--- START ---
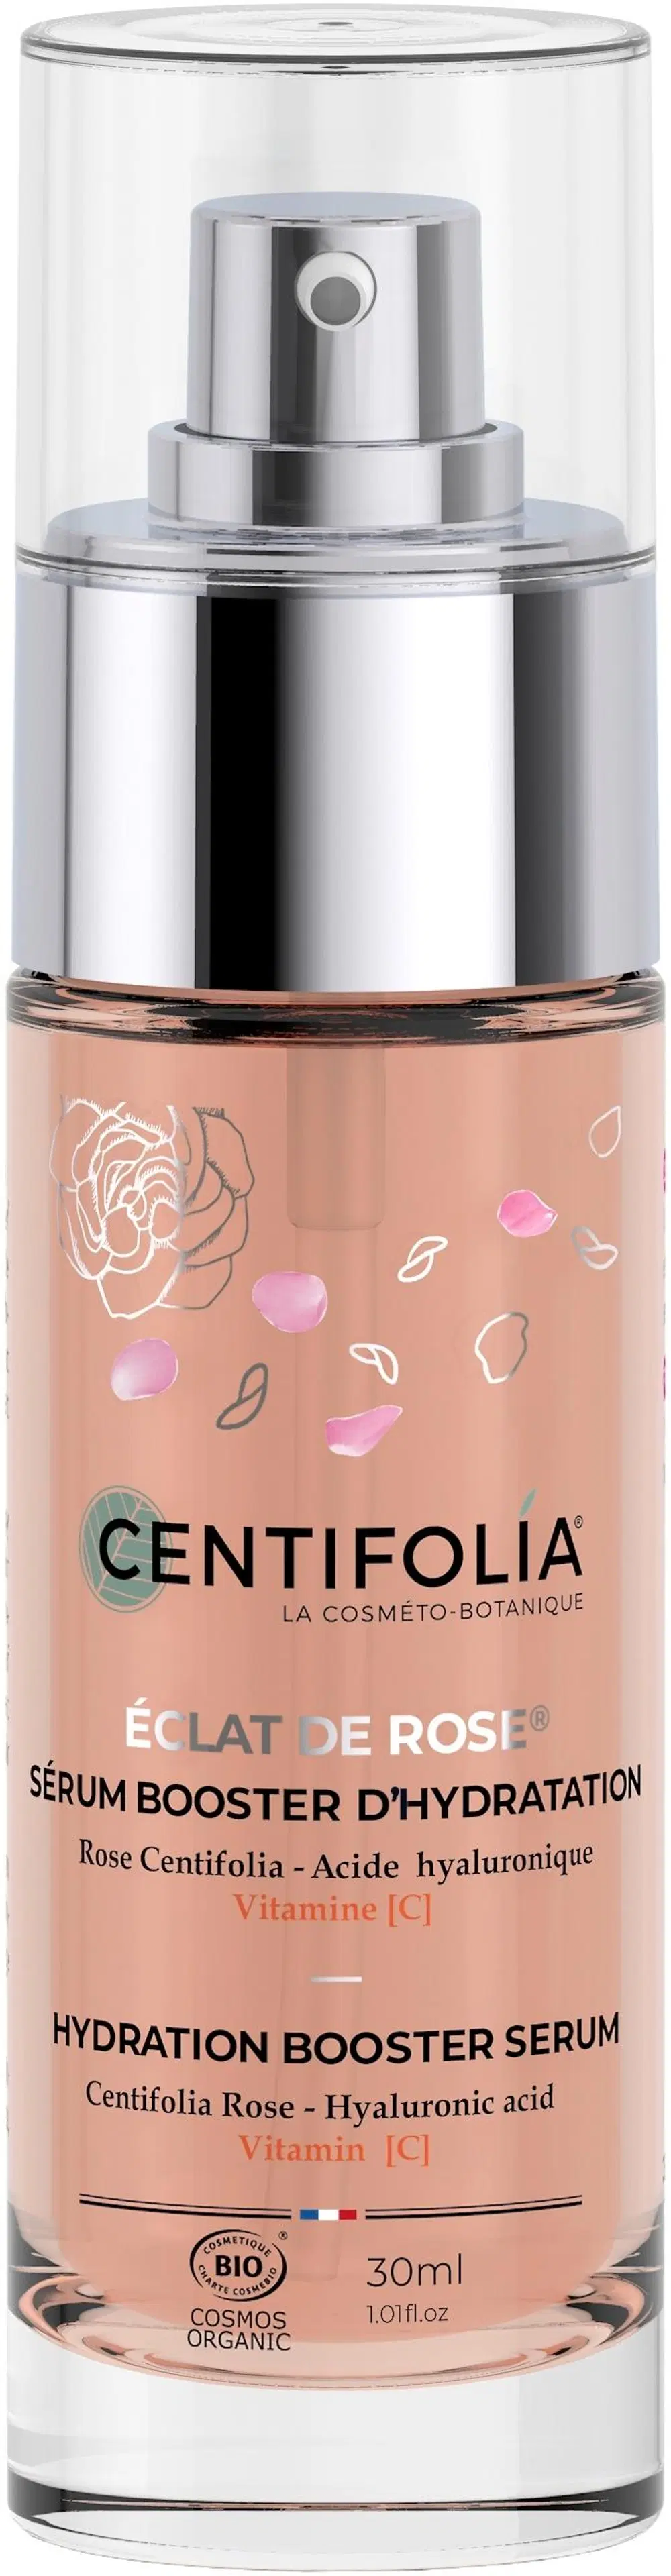 Centifolia Eclat de Rose Hydration Booster Serum seerumi 30 ml
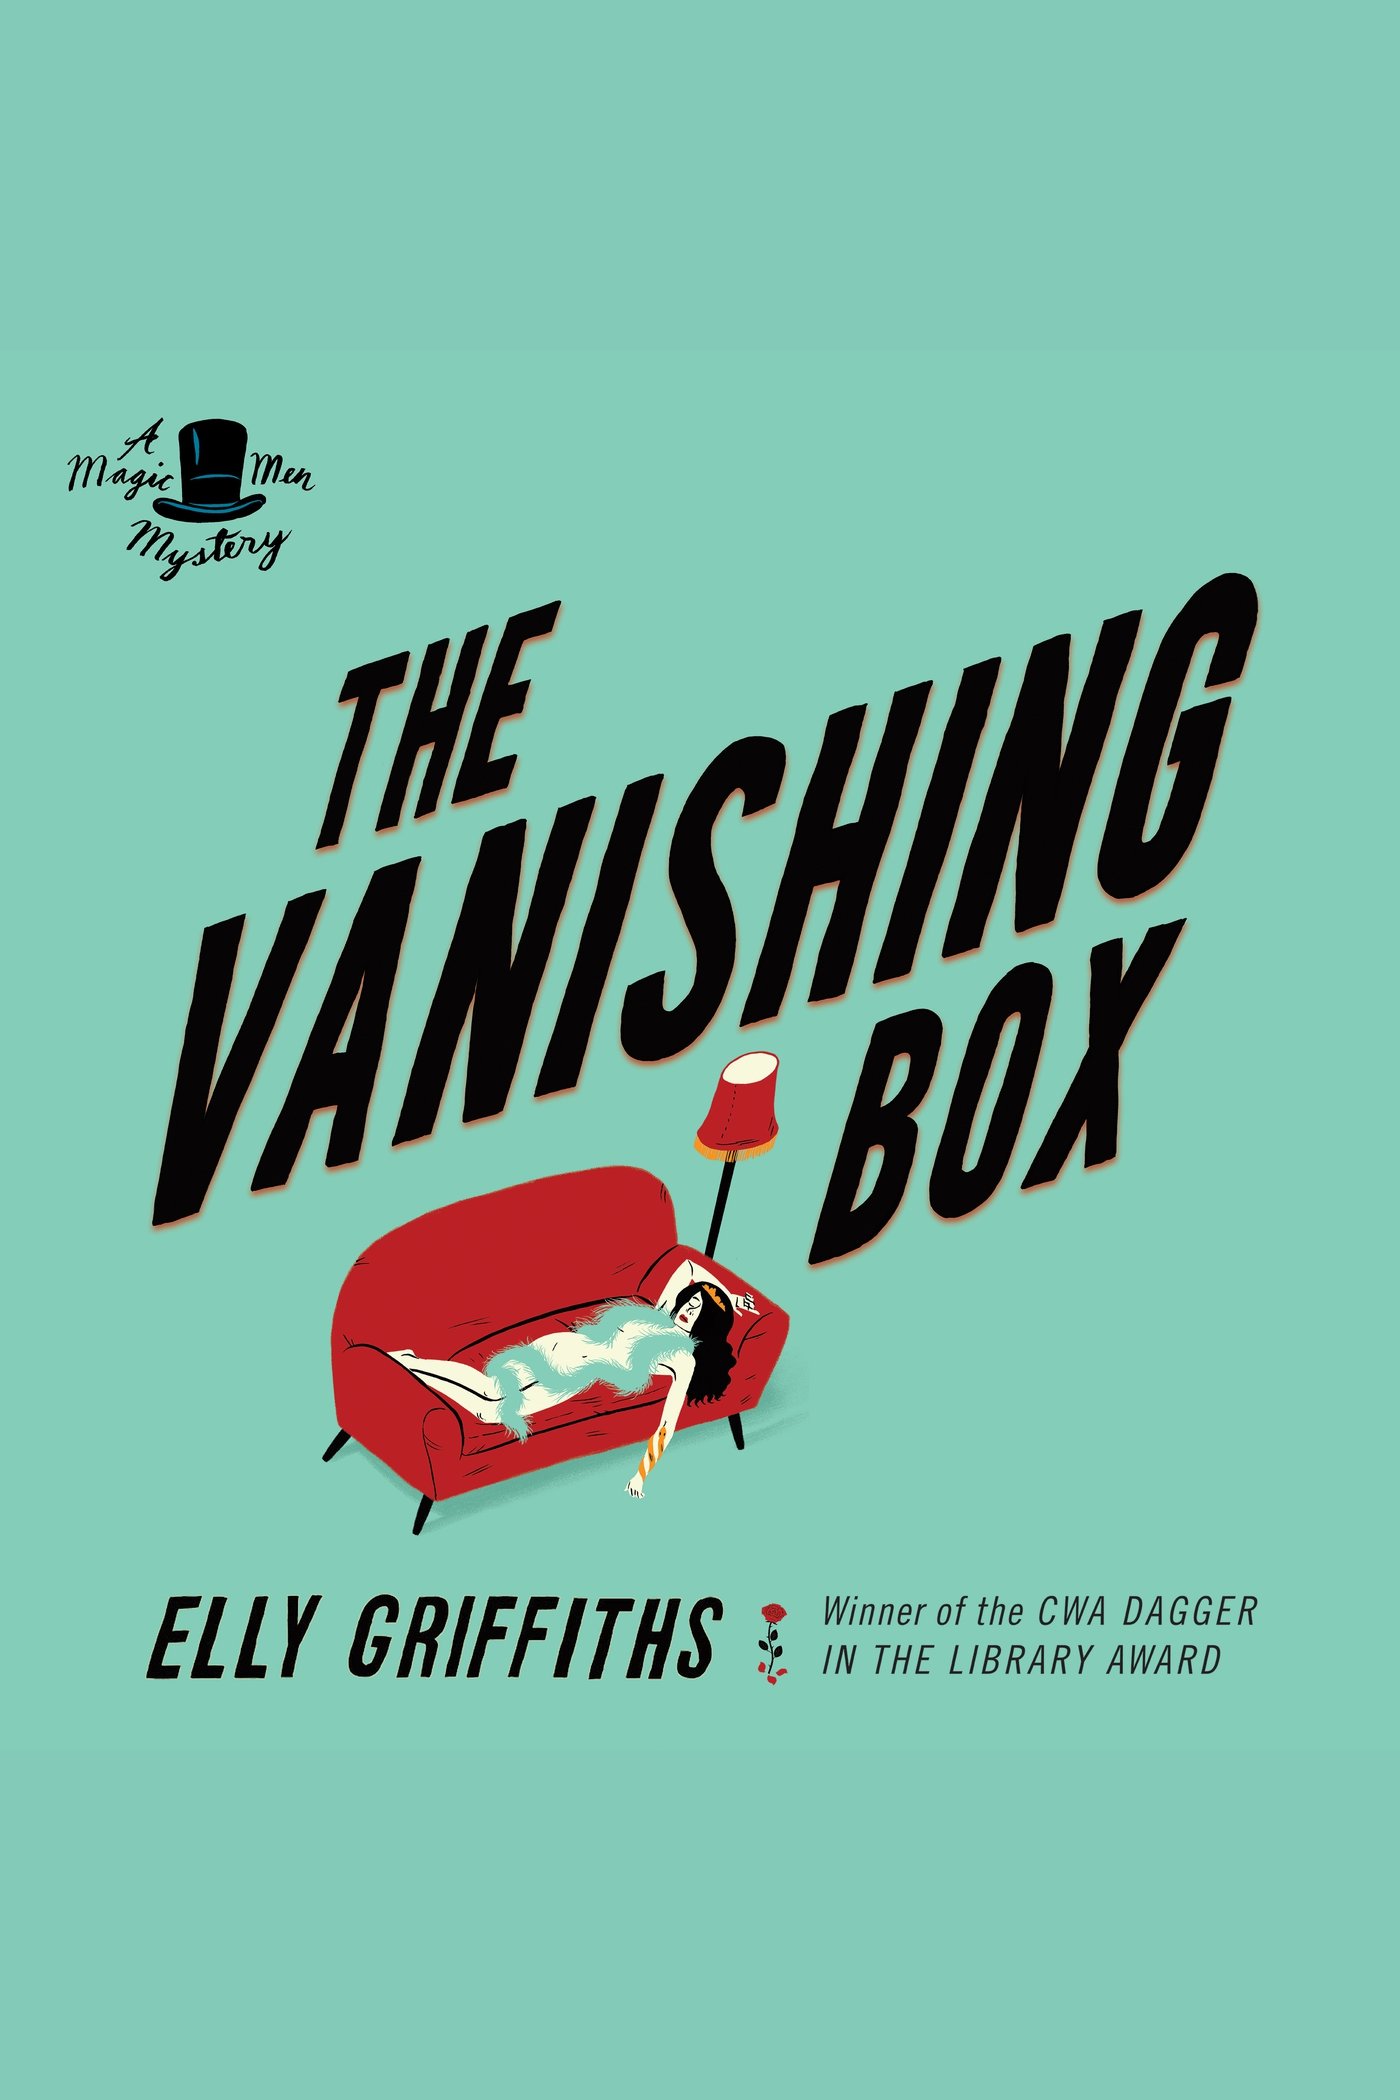 The Vanishing Box cover image
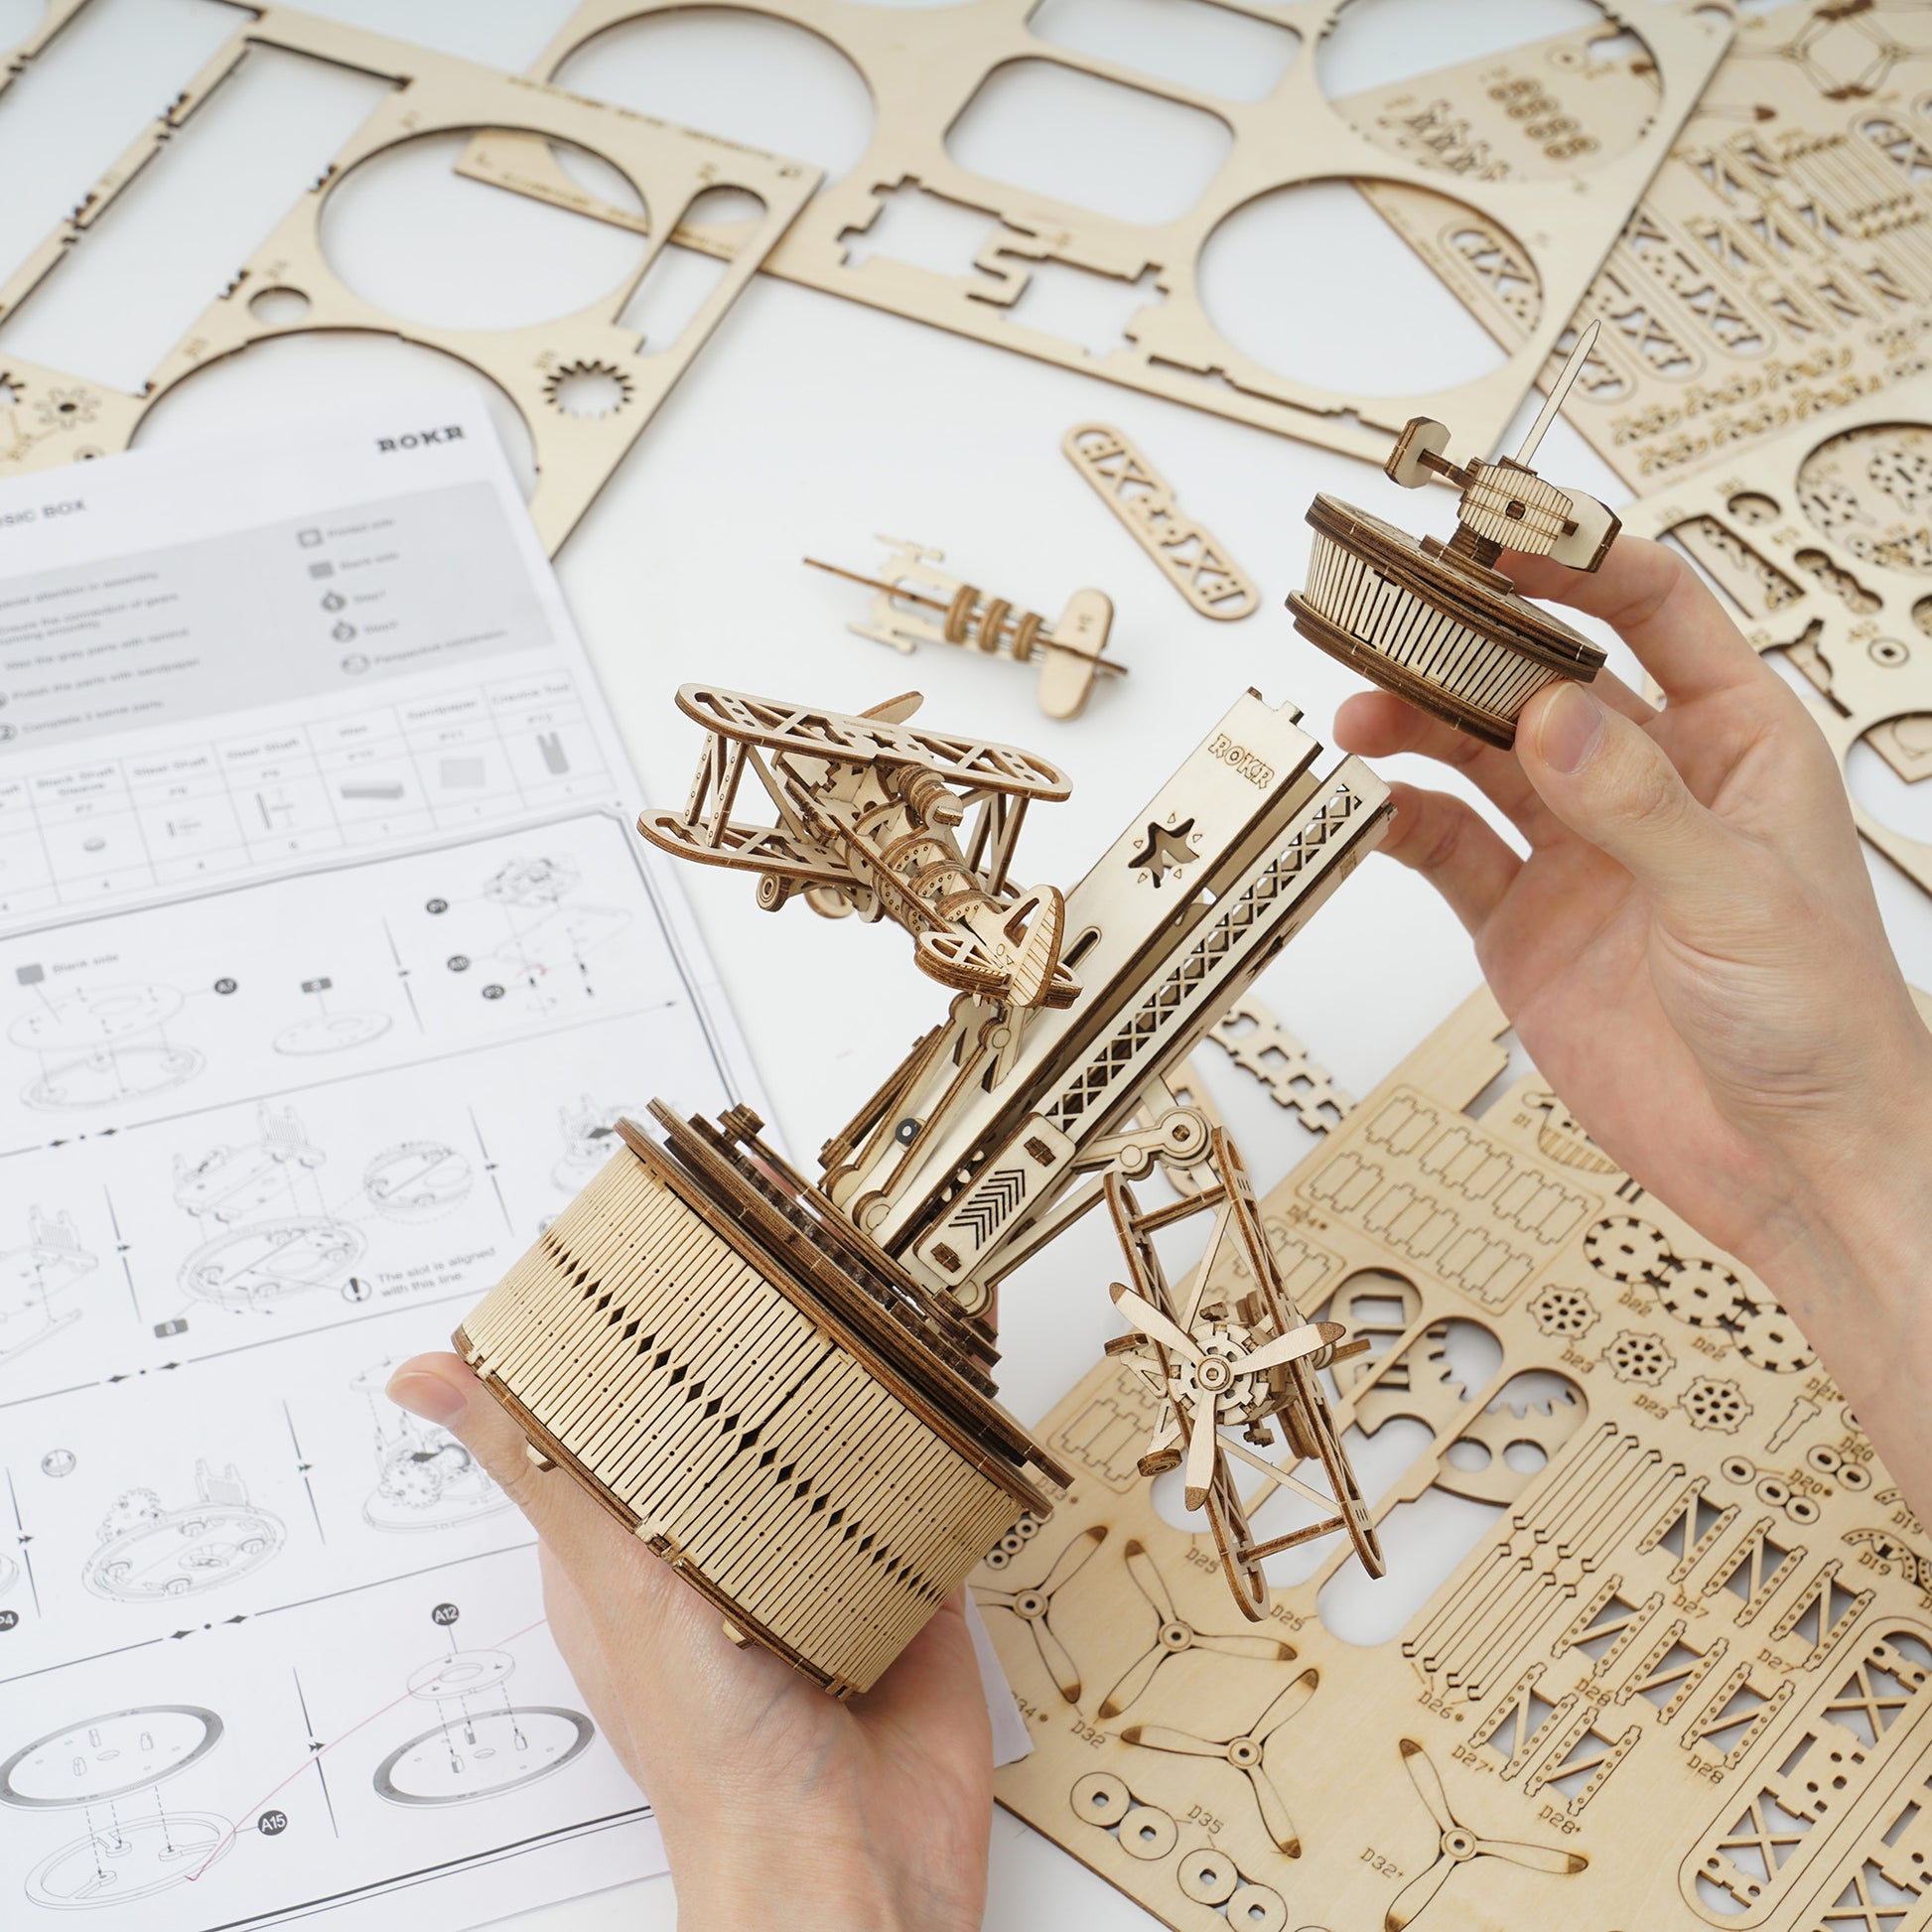 Control Tower (Music Box) - 3D Holzpuzzle im Zusammenbau
--- END ---
Your instructions
Please copy the data shown above word for word, omitting the pictures.

Task answer
 Centifolia Eclat de Rose Hydration Booster Serum seerumi 30 ml
 The Vanishing Box cover image
 Control Tower (Music Box) - 3D Holzpuzzle im Zusammenbau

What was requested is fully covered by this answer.